A spokeswoman said the company will focus more on its existing portfolio, and that new investments would comprise a smaller percentage of investment activity, according to the published account.
Wetherell said Thursday the company had about $1 billion in cash and cash equivalents.
Today’s Layoff News
- IBM offered 36,000 of its Global Services employees a buyout deal. “We made 36,000 eligible but expect only 3 percent to 4 percent to take advantage, mostly those ready to retire anyway,” a spokesperson was quoted in published reports.
- Cisco Systems Inc. is scaling back the hiring of temporary workers and consultants, and expects to cut its travel budget by about 60 percent, according to a spokeswoman in wire service reports. The company also expects a 5 percent turnover of its work force through “normal involuntary attrition,” the spokeswoman said, referring to the company’s practice of periodically evaluating the bottom 5 percent of its employees.
- Dow Jones & Co. and Excite@Home Corp., citing the current decline in online advertising spending and the challenges of securing further funding, said they will close their Work.com Internet joint venture March 31. The companies said the majority of Work.com’s 113 full-time employees in Redwood City, Calif. and in New York City will be leaving the company later this week. Others will remain for a variety of time periods to assist in the orderly wind-down of the company and its relationships with vendors and partners.
- Catalog retailer Lillian Vernon Corp. said Friday it will cut 40 jobs, or 12 percent of its salaried workforce and take a restructuring charge in response to the slowdown in consumer spending.
- USFreightways Corp. said it planned significant job cuts and expected to miss analysts’ forecasts for the first quarter due to the economic slowdown and bad weather.
Merger Monday
- Britain’s Prudential PLC will acquire American General Corp. for about $26.6 billion in stock. Prudential said it will swap 3.6622 Prudential shares for every one American General share, implying a value of $49.52 per American General share. American General share closed Friday at $38.25.
- Auto parts supplier SPX Corp. has agreed to buy diversified manufacturer United Dominion Industries Ltd. for $954 million in stock. SPX would also assume or refinance $876 million of debt, bringing the total transaction value to $1.83 billion. Under the terms of the deal, United Dominion shareholders would receive 0.2353 of an SPX share for each United Dominion share, or $25 per United Dominion share based on the average closing price of SPX common stock for the five-day period ended Friday, March 9. The purchase price would represent a premium of about 30 percent for United Dominion shareholders.
- Royal Dutch/Shell is pushing ahead with its $1.8 billion hostile bid for U.S. gas producer Barrett Resources, ignoring market suggestions it would need to bid higher.
From the CFO.com “Brief” Case
- For the second time this year, OPEC is prepared to cut oil production when the cartel meets in Vienna on Friday.
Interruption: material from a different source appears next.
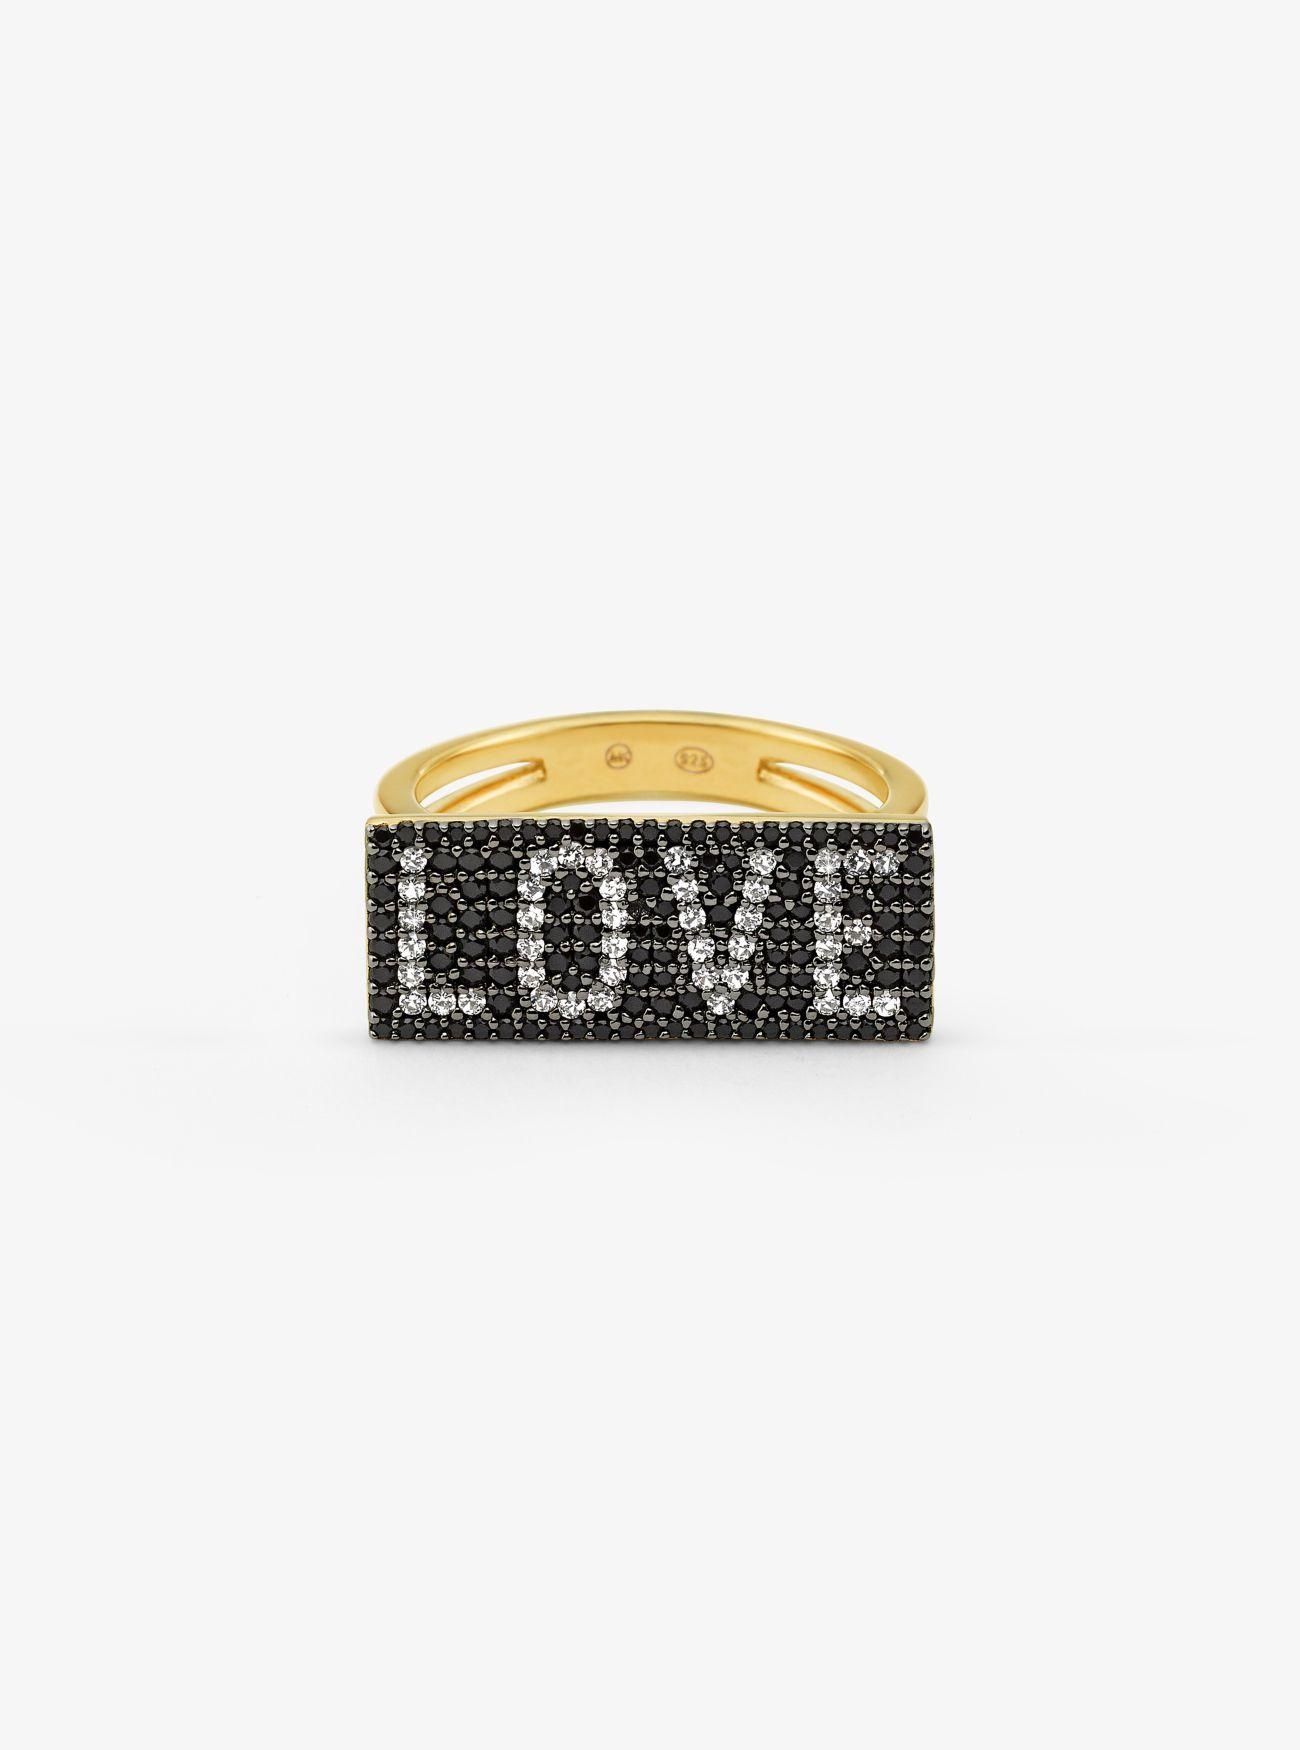 1aded3d84c40 Anillo Love De Plata De Ley Con Chapado En Oro De 14 k E ...

According to published reports, OPEC may seek to trim supplies between 500,000 and one million barrels a day in an effort to keep prices in the $25-a-barrel range.
- New investments of over $1 trillion will be needed to meet global energy demand during this decade, ExxonMobil chairman Lee Raymond said on Monday. “There is no such thing as ‘energy-free’ economic growth…and meeting the energy needs of 2010 may require over $1 trillion in new investment in exploration and producing facilities over this decade,” Raymond told a gas conference, according to Reuters. He said oil would remain the world’s leading source of energy over the next 20 years but demand for gas would grow even faster, “about 50 percent faster than oil.”
- Spanish Internet company Terra Lycos is still on track to break even in terms of core earnings, or EBITDA, by the end of this year, the chairman of parent company Telefonica was quoted as saying on Monday.